Cash Asmussen (born March 15, 1962 in Agar, South Dakota) is an American thoroughbred horse racing jockey. Born Brian Keith Asmussen, in 1977 he legally changed his name to "Cash".

From a Texas horse racing family, his parents, Keith and Marilyn "Sis" Asmussen, operate a ranch in Laredo in Webb County, Texas. His brother, Steve Asmussen, is a successful horse trainer in American racing.

Career

Asmussen scored his first important graded stakes race win at the Beldame Stakes in 1979 and won that year's Eclipse Award for Outstanding Apprentice Jockey. In 1981, he rode Wayward Lass to victory in the Coaching Club American Oaks at Belmont Park (over the 1-5 entry of De La Rose and Heavenly Cause, who ran last and next-to-last), and traveled to Japan where he won the Japan Cup. The following year he won the Washington, D.C. International Stakes and his first of two Turf Classic Invitational Stakes then gained his most success as a jockey racing in France where he went to ride under contract for the wealthy stable owner, Stavros Niarchos.

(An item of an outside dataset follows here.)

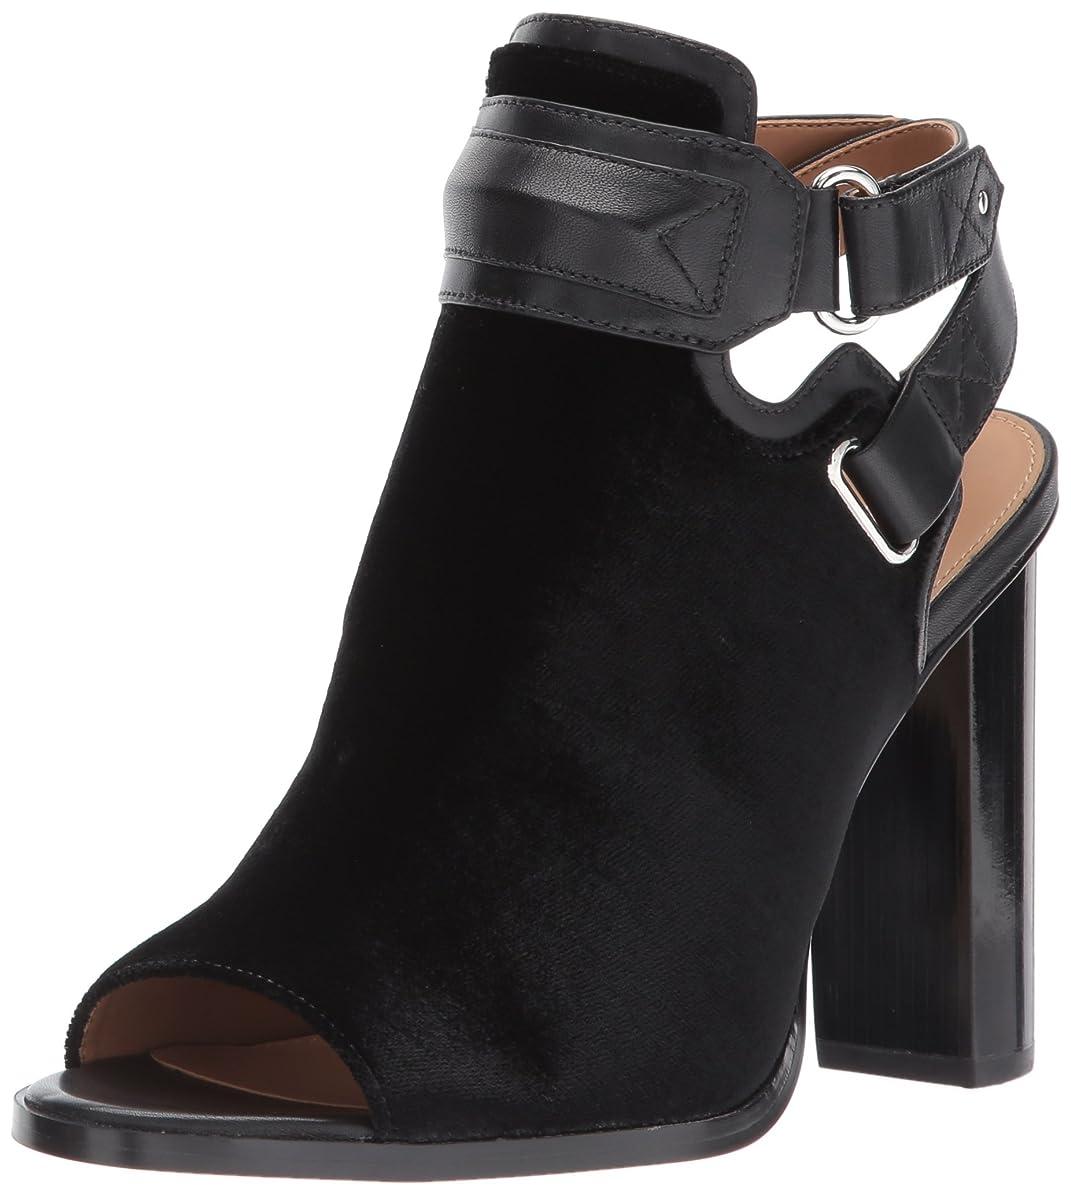 不幸ブランド上院議員[Calvin Klein] レディース Kara カラー: ブラック
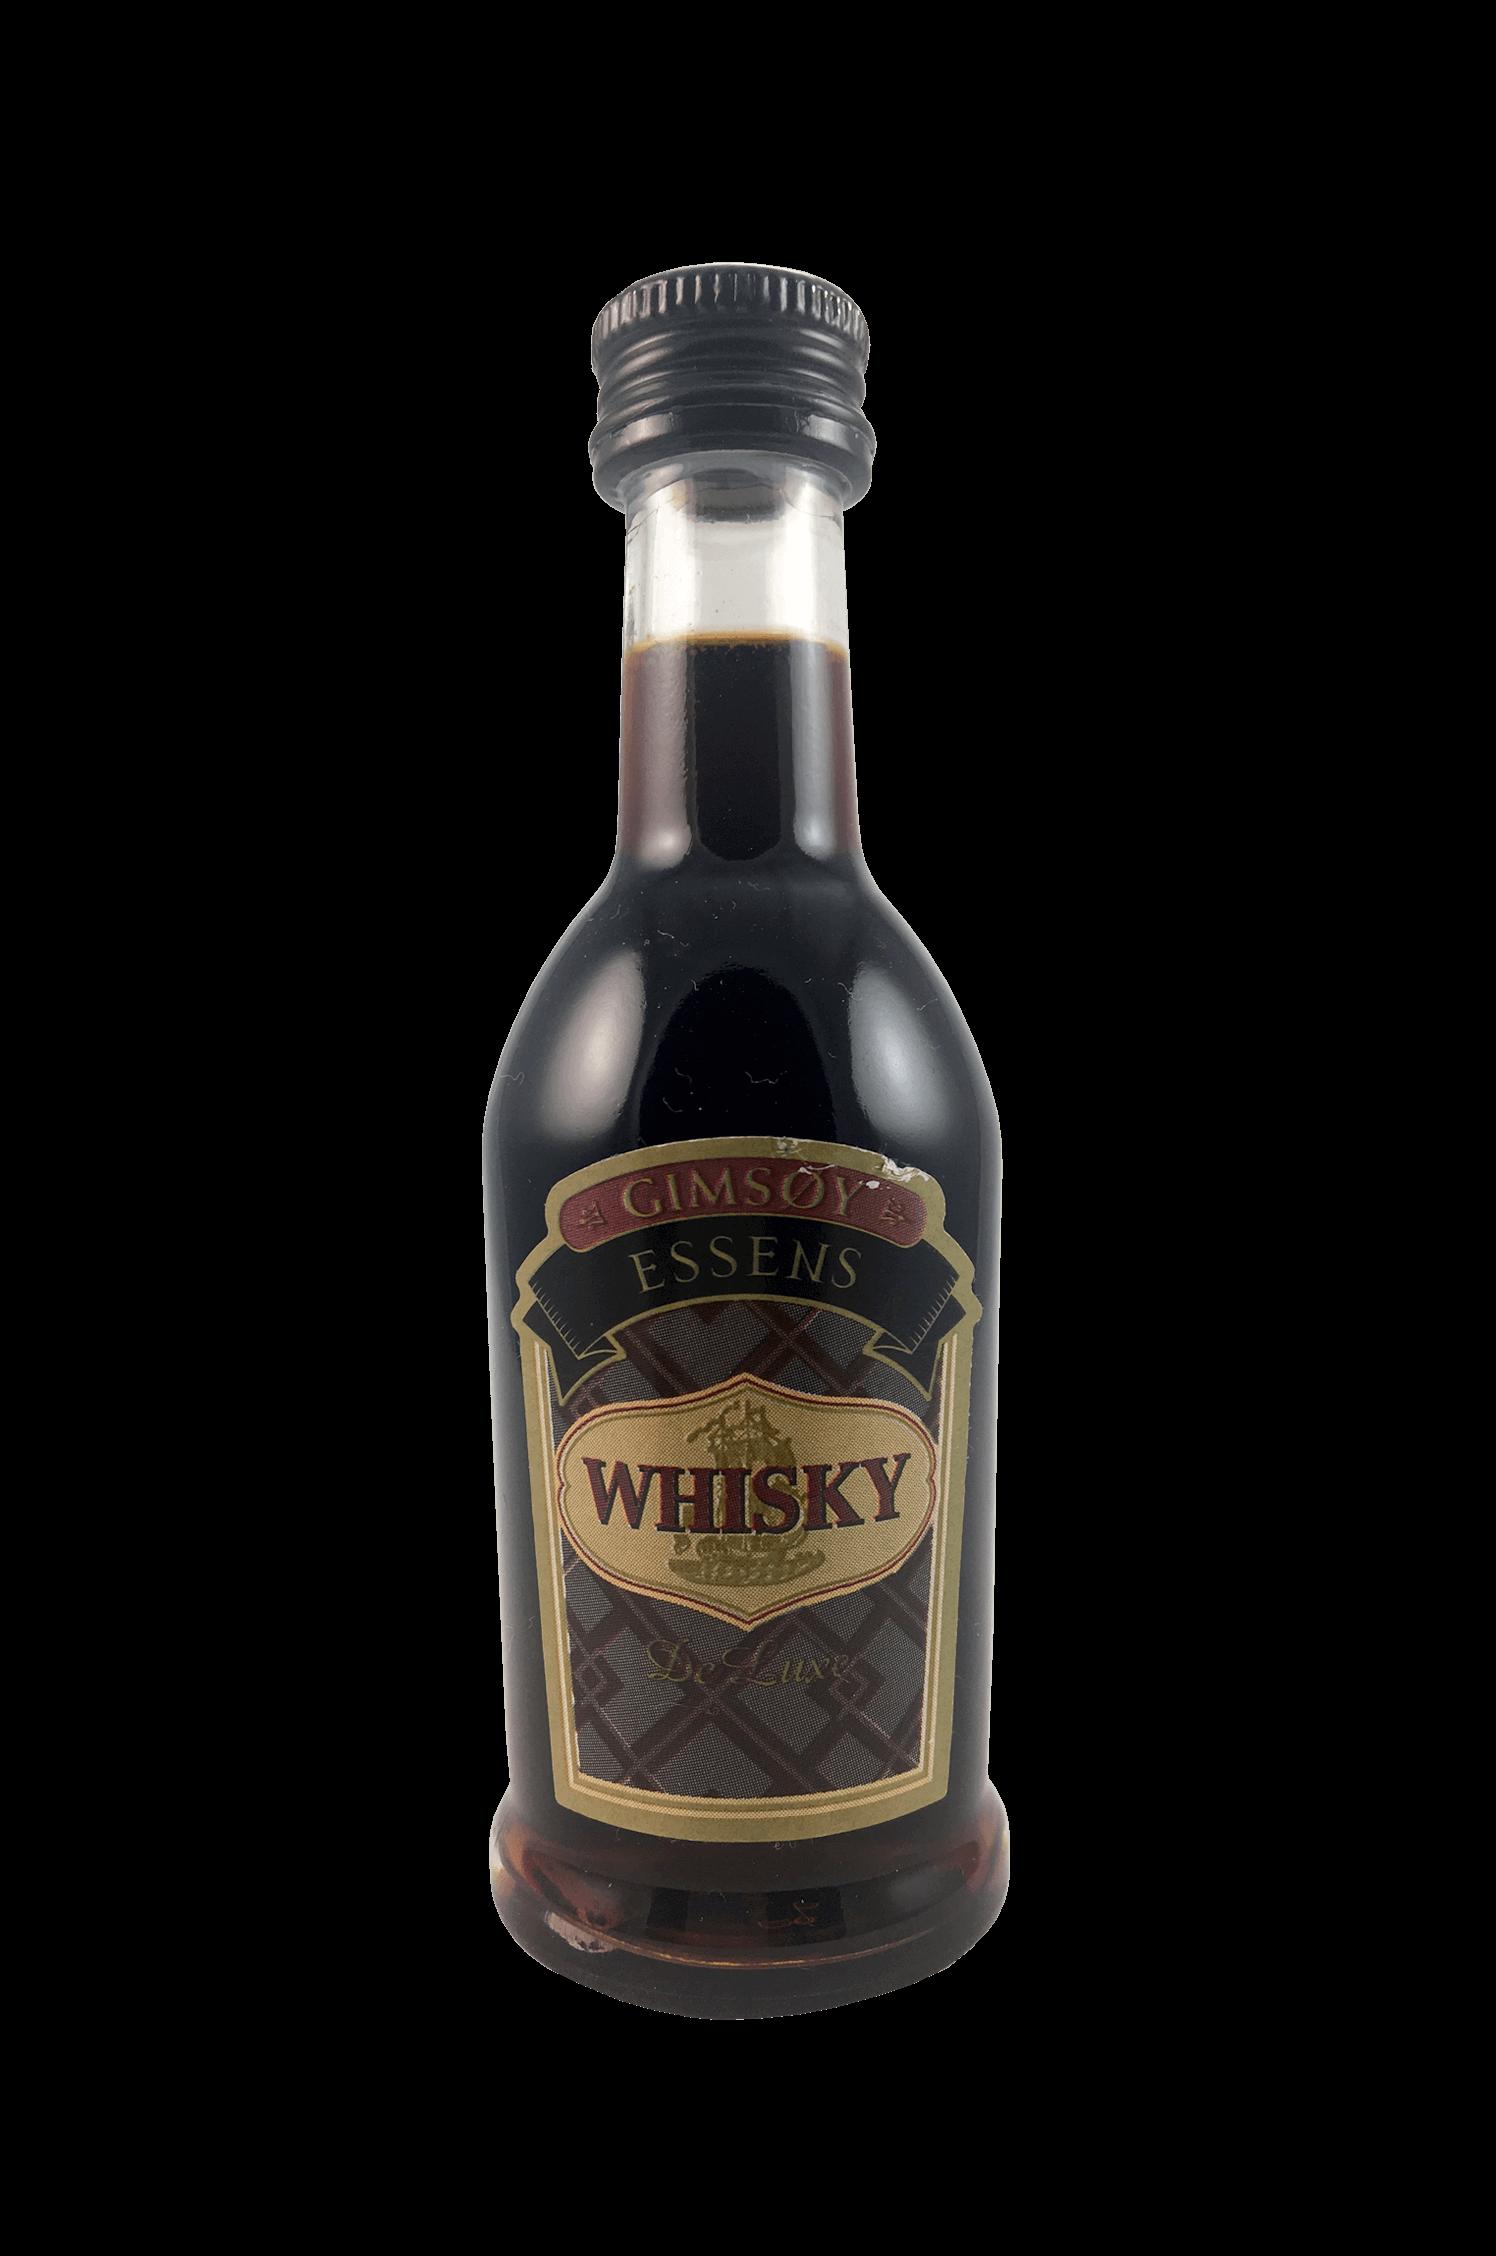 Gimsoy Essens Whisky

While based at Chantilly Racecourse in Chantilly, France, Asmussen also scored victories in a number of important stakes races in England including the 1988 July Cup, 1989 Coronation Stakes, 1990 Coronation Cup, and the 1993 St. James's Palace Stakes. Racing in Ireland he won the 1987 Irish St. Leger and the 1988 National Stakes. Asmussen also returned to compete in the U.S. for various major races and won his second "Washington, D.C., International" in 1984 plus the 1988 and 1992 Arlington Million in Chicago. Internationally he also won the 1993 Canadian International Stakes and the 1997 Hong Kong Cup.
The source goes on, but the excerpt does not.